In this future, these richest of corporations have maneuvered their agents into positions where they can influence legislation and public policy in the world’s richest countries. They’ve also maneuvered their agents into the major political parties. They work to see people elected, laws written, and policies enacted that are favorable to the mega-corps. They are not universally successful, but they are successful to a larger degree than most people realize.

This future world has 7 billion people in it; hunger and poverty are pervasive. Half of this world’s population lives in cities or suburbs; everywhere in the world, people struggle to form meaningful, nurturing social connections, but it’s worse in the cities. Worldwide, only 1 person in 700 is classified as super-rich — what we would call a “millionaire” in today’s dollars. Worldwide, there is an elite group of only 1200 billionaires.

Half of this future world’s wealth is in the world’s richest country, where only a little less than 5% of the world’s population live. Hunger and poverty are less of a problem there, but four out of five people in that country live in cities or suburbs, where the struggle to form meaningful, nurturing social connections is particularly intense. 30% of this world’s millionaires are in that country, making up a little less than 1% of its population; 1/3 of this world’s 1200 billionaires are in that country. Together, the top 1% richest people make 1/4 of the income in that country, and control 40% the wealth.

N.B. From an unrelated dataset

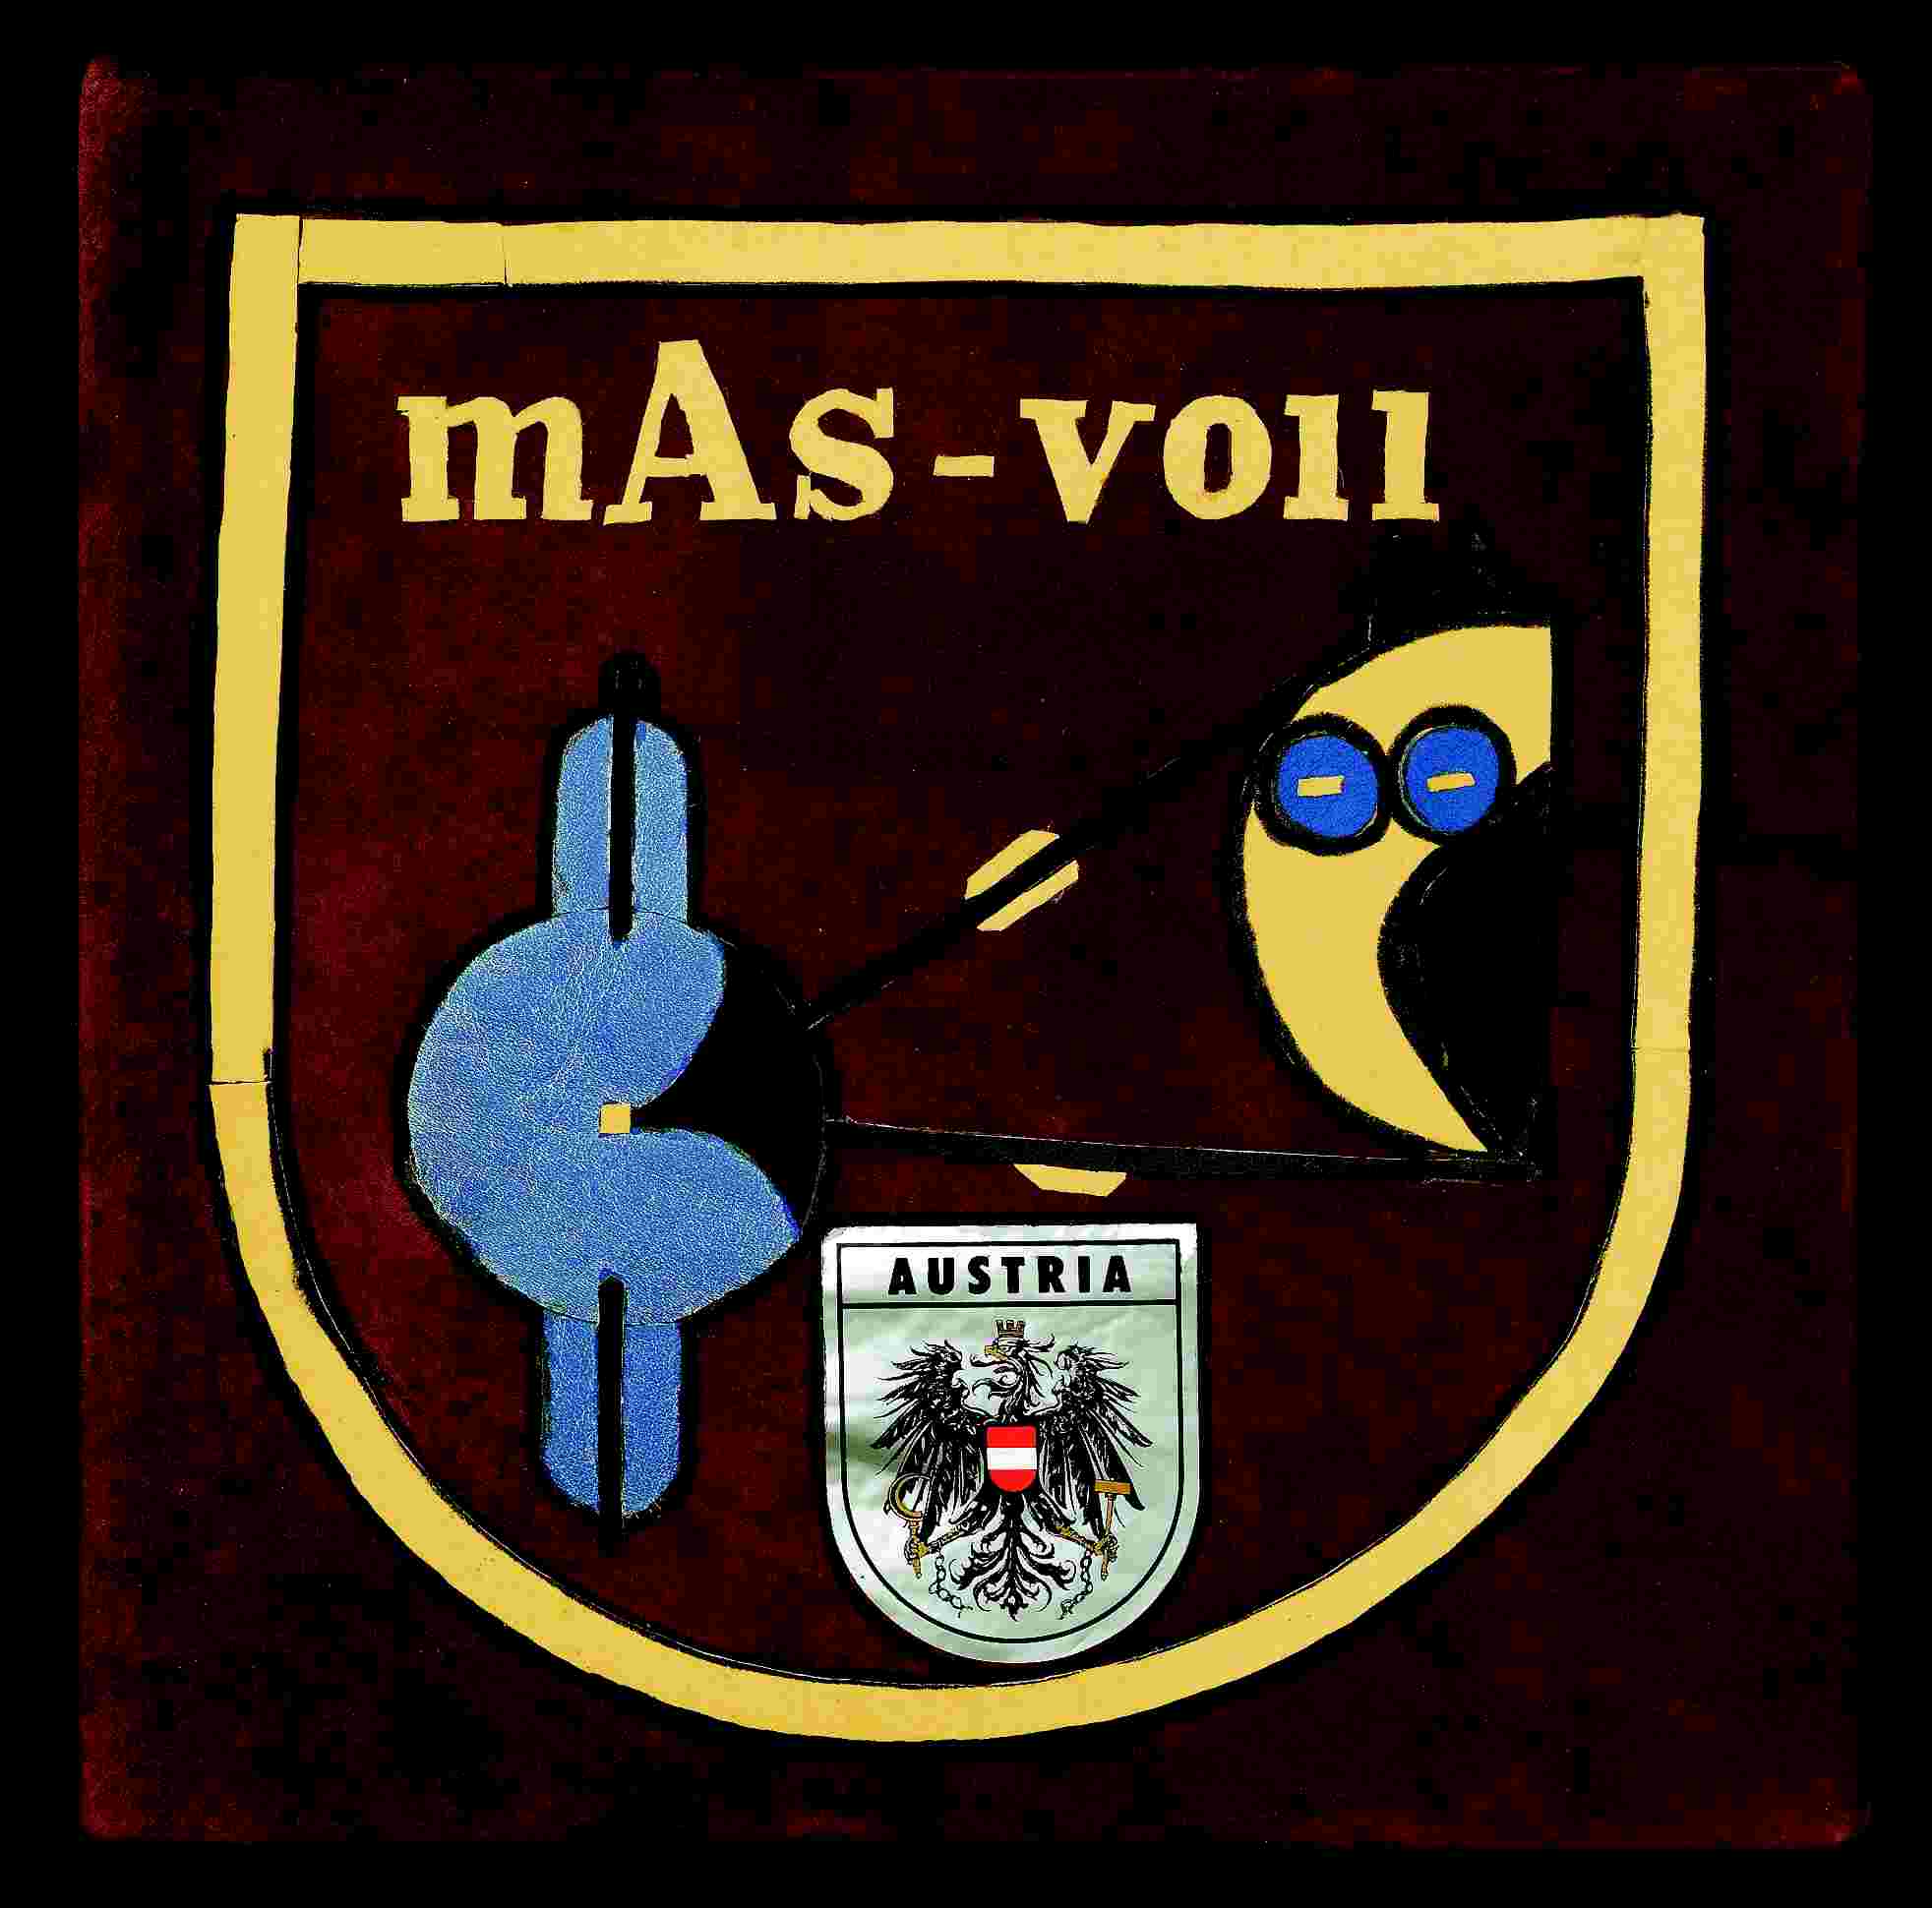 Wappen von Rt. mAs-voll

In this future, the rich pay for what they need and everyone else is, for the most part, left to fend for themselves. Also, in this future, the world is dangerously closer to worldwide ecological breakdown than most people realize. Paradoxically, the rich complain that it is everyone else’s laziness, and not their own greed, that is to blame for the world’s problems. Counter-intuitively, about half of the world’s population seems to believe them.

And the thing that makes this future dystopia last for a long time is that none of it is really a secret. There’s no grand conspiracy; it’s all just “good business.” While the mega-corps certainly don’t advertise their nefarious activities, most of them are a matter of public record. In this future world, a small percentage of people are outraged; many more are dissatisfied, but they are either complacent, or they blame their dissatisfaction on other things, or they are too poor, hungry, or disaffected to do anything about it.

THAT’s a believable future dystopia! Set a story in THAT world. How does the brave heroine or hero survive to end the dystopian society and create a more fair and peaceful world for everyone? I’d love to read that story. I really want to know how it goes.